• **TASK ITEM**
Exclude the pictures, then repeat the remaining data exactly.

• **SUPPLIED MATERIAL**
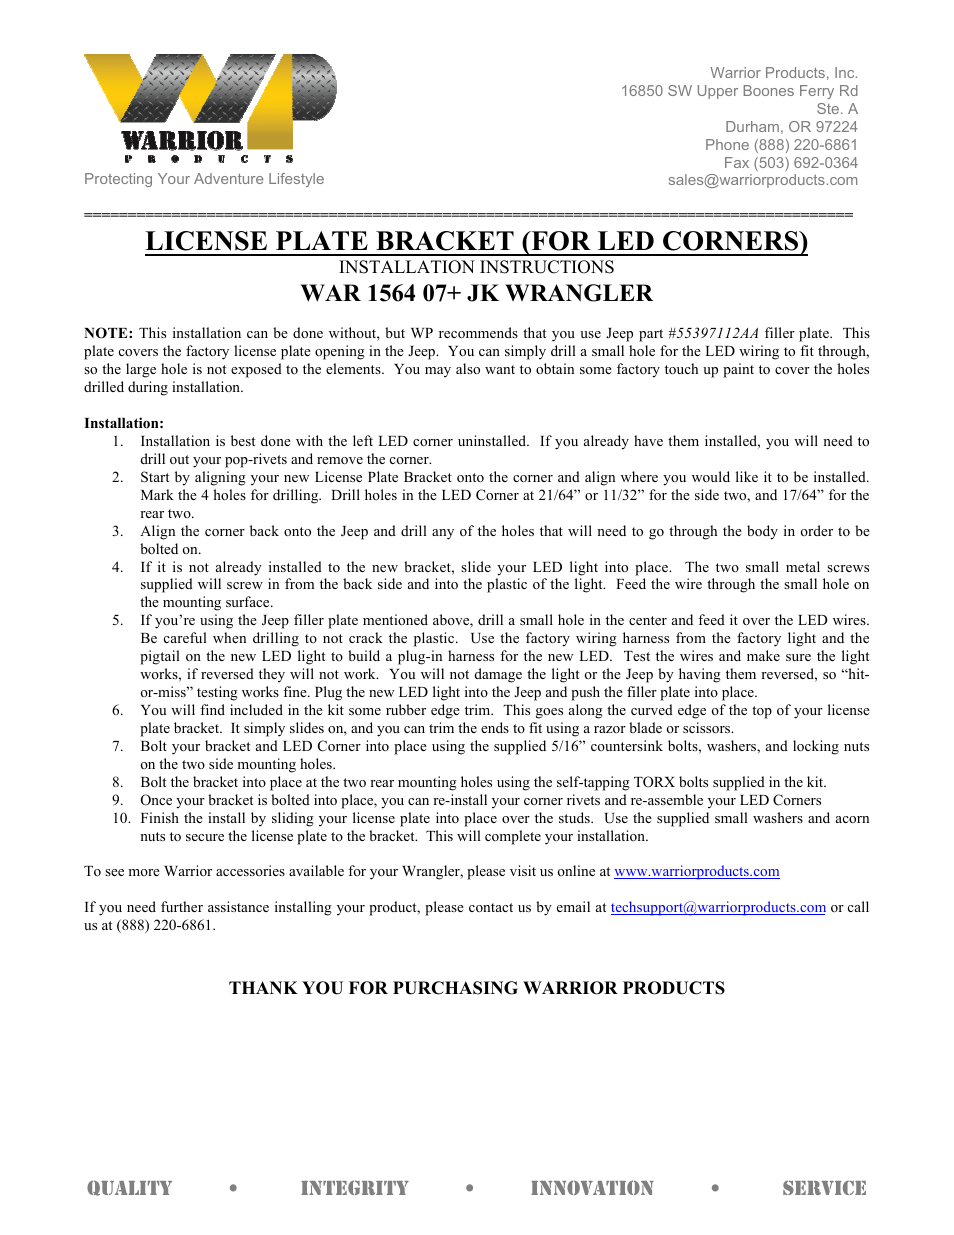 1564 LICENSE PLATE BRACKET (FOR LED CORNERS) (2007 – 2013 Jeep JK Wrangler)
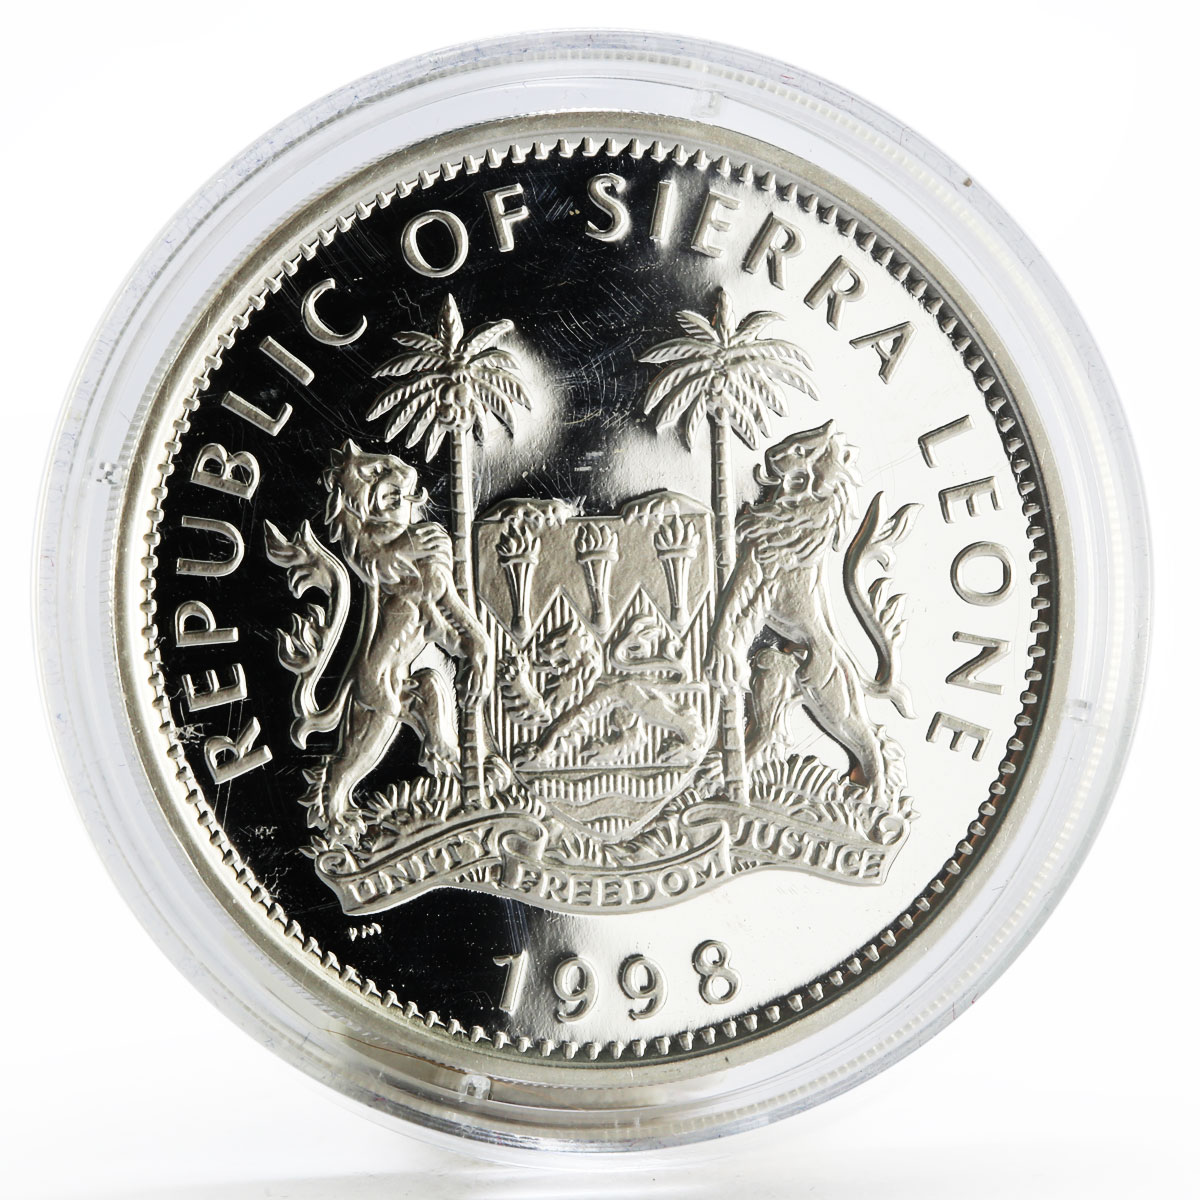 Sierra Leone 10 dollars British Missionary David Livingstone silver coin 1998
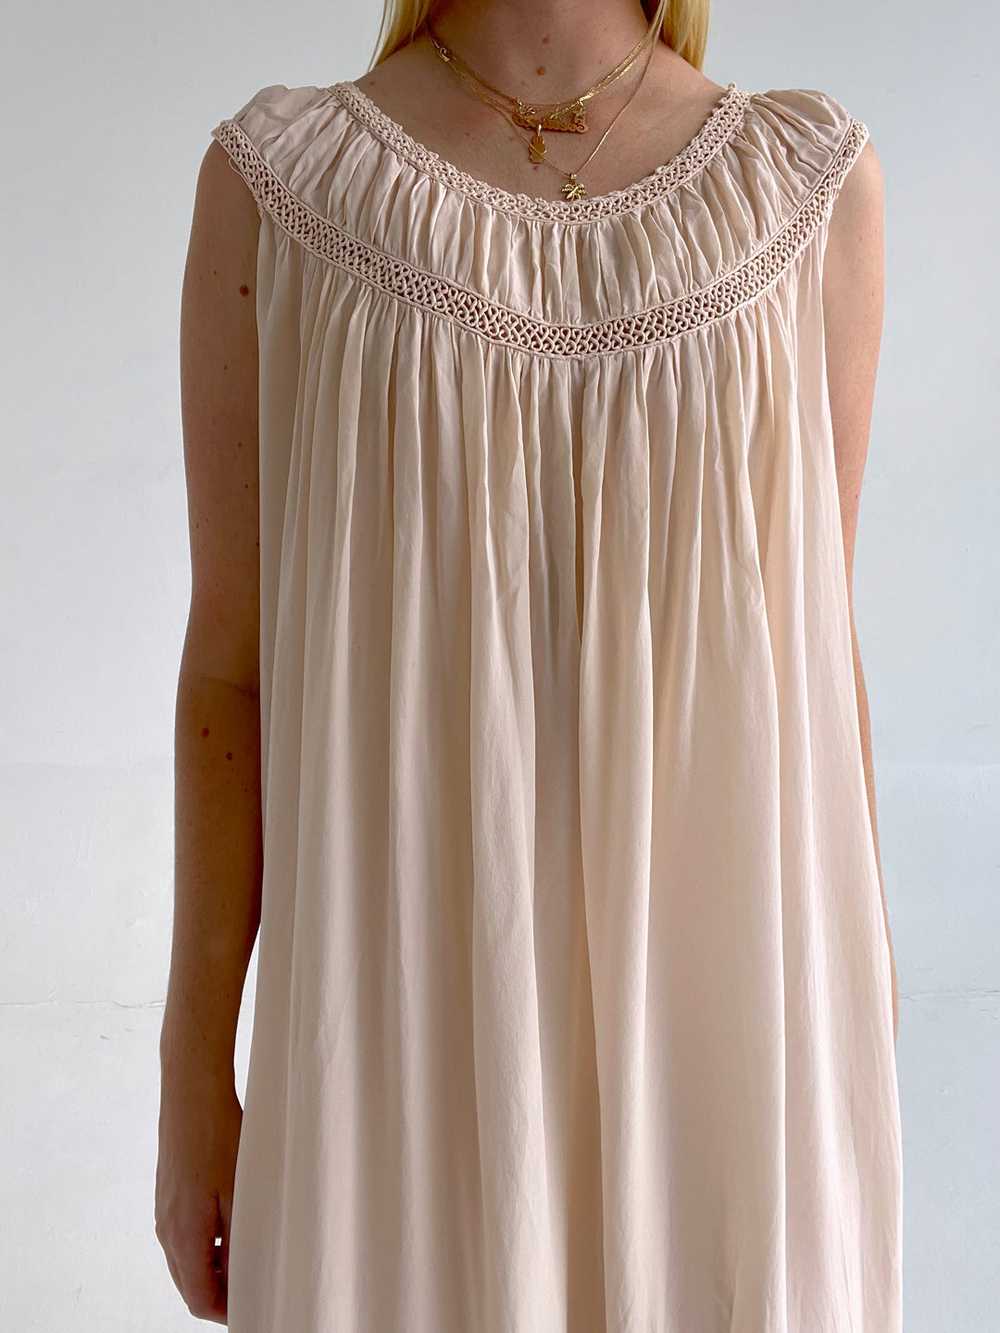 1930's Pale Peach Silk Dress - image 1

• **WRITTEN RESPONSE**
 1564 LICENSE PLATE BRACKET (FOR LED CORNERS) (2007 – 2013 Jeep JK Wrangler)
 Sierra Leone 10 dollars British Missionary David Livingstone silver coin 1998
 1930's Pale Peach Silk Dress - image 1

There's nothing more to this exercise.